The “Blue Girl” is in reference to Sahar Khodayari, a young woman who set herself on fire after being sentenced to lashing and jail time for entering a soccer match of her favorite team disguised as a man.
The regime of Iran is notoriously renowned for its suppression of women's rights. Stadiums are just one of the areas where discrimination against women has become a norm in Iran. The regime treats women as second-class citizens.
The mullahs perceive any public presence of women as a threat to their laws and edicts, whose role is to preserve the state. Tehran prosecutor Mohammad-Jafar Montazeri had warned that “women’s presence in the football arena is a calculated move by the enemies.”

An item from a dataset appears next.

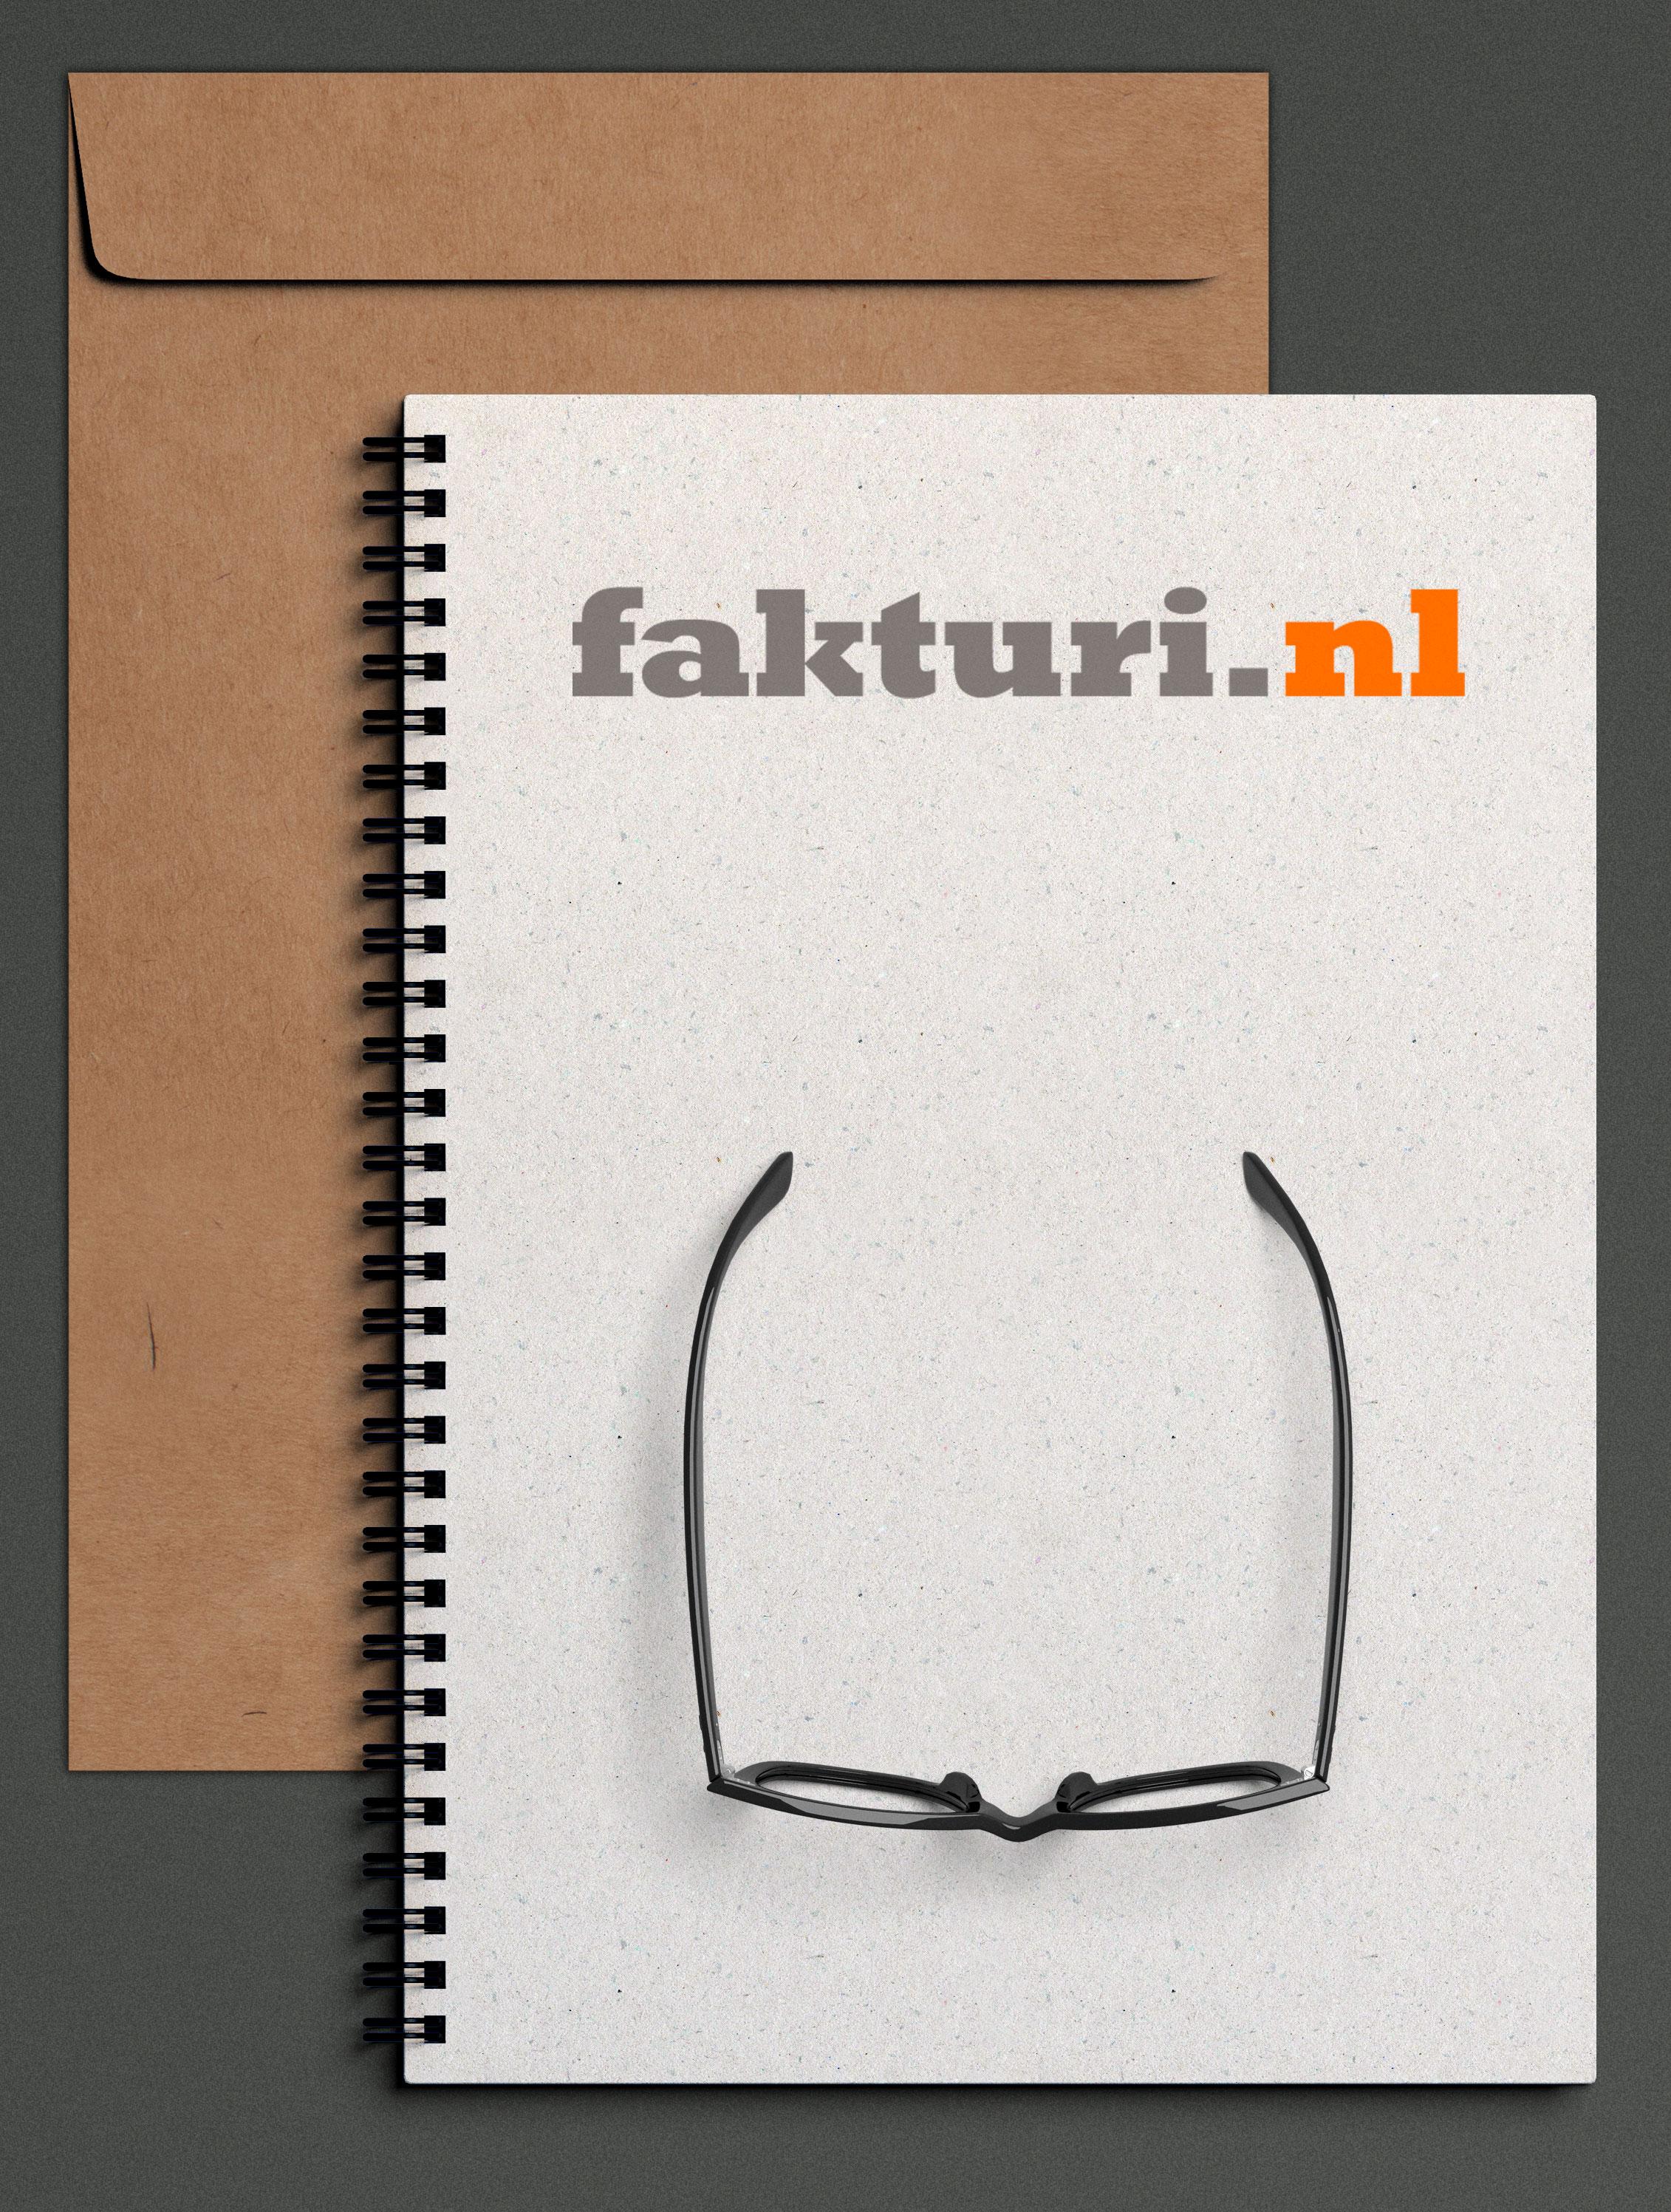 Fakturi.nl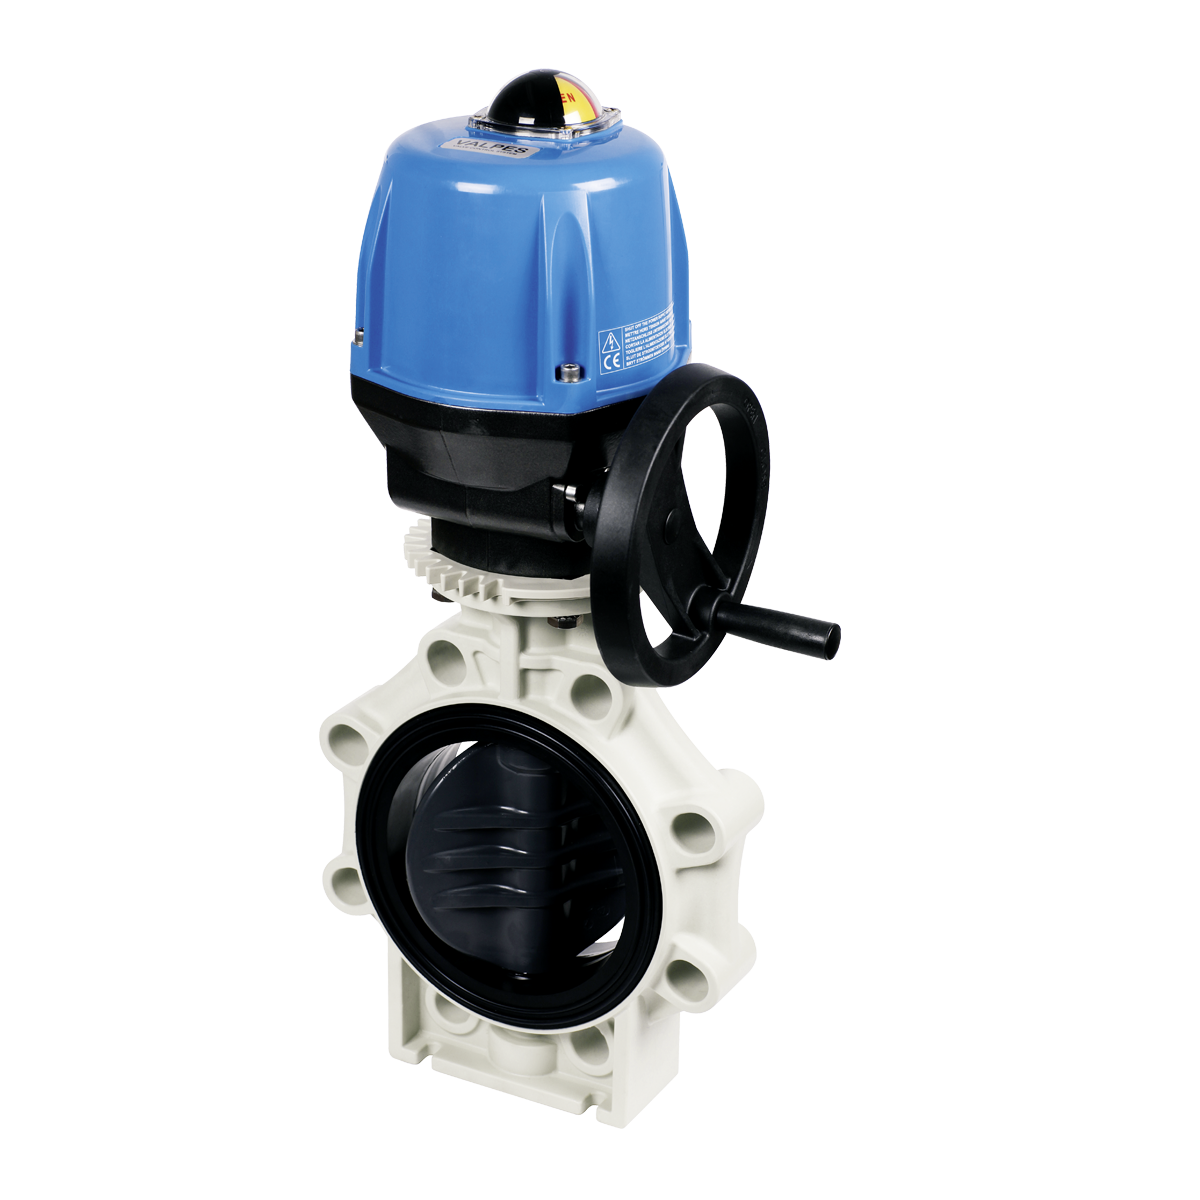 Praher butterfly valve K4 PVC with Valpes actuator, grey, black, beige, blue

Iranian women are limited in their access to employment, education, arts, and the judiciary.
The regime's laws officially consider the testimony of a female witness as being worth half of that of a male witness. The regime has also institutionalized domestic violence against women, allowing husbands to treat their wives as they will. Women don't have the right to travel or work without the permission of their husband or a male relative.
But the regime's brutal misogynistic rules have turned Iranian women into a leading force for freedom and democracy. In their relentless struggle for their rights, Iranian women turned the tables on the regime and its suppressive measures.
Ever since the mullahs seized power in Iran, women have had an active role in the Iranian resistance movement by joining the ranks of the organized opposition, the Mujahedin-e Khalq (PMOI/MEK). No less than 30 percent of those executed by the regime on political charges are women. Women have also placed a leading role in thousands of protests against the regime in the past few years, including in the uprising that engulfed 160 cities in late 2017 and continued well into 2018.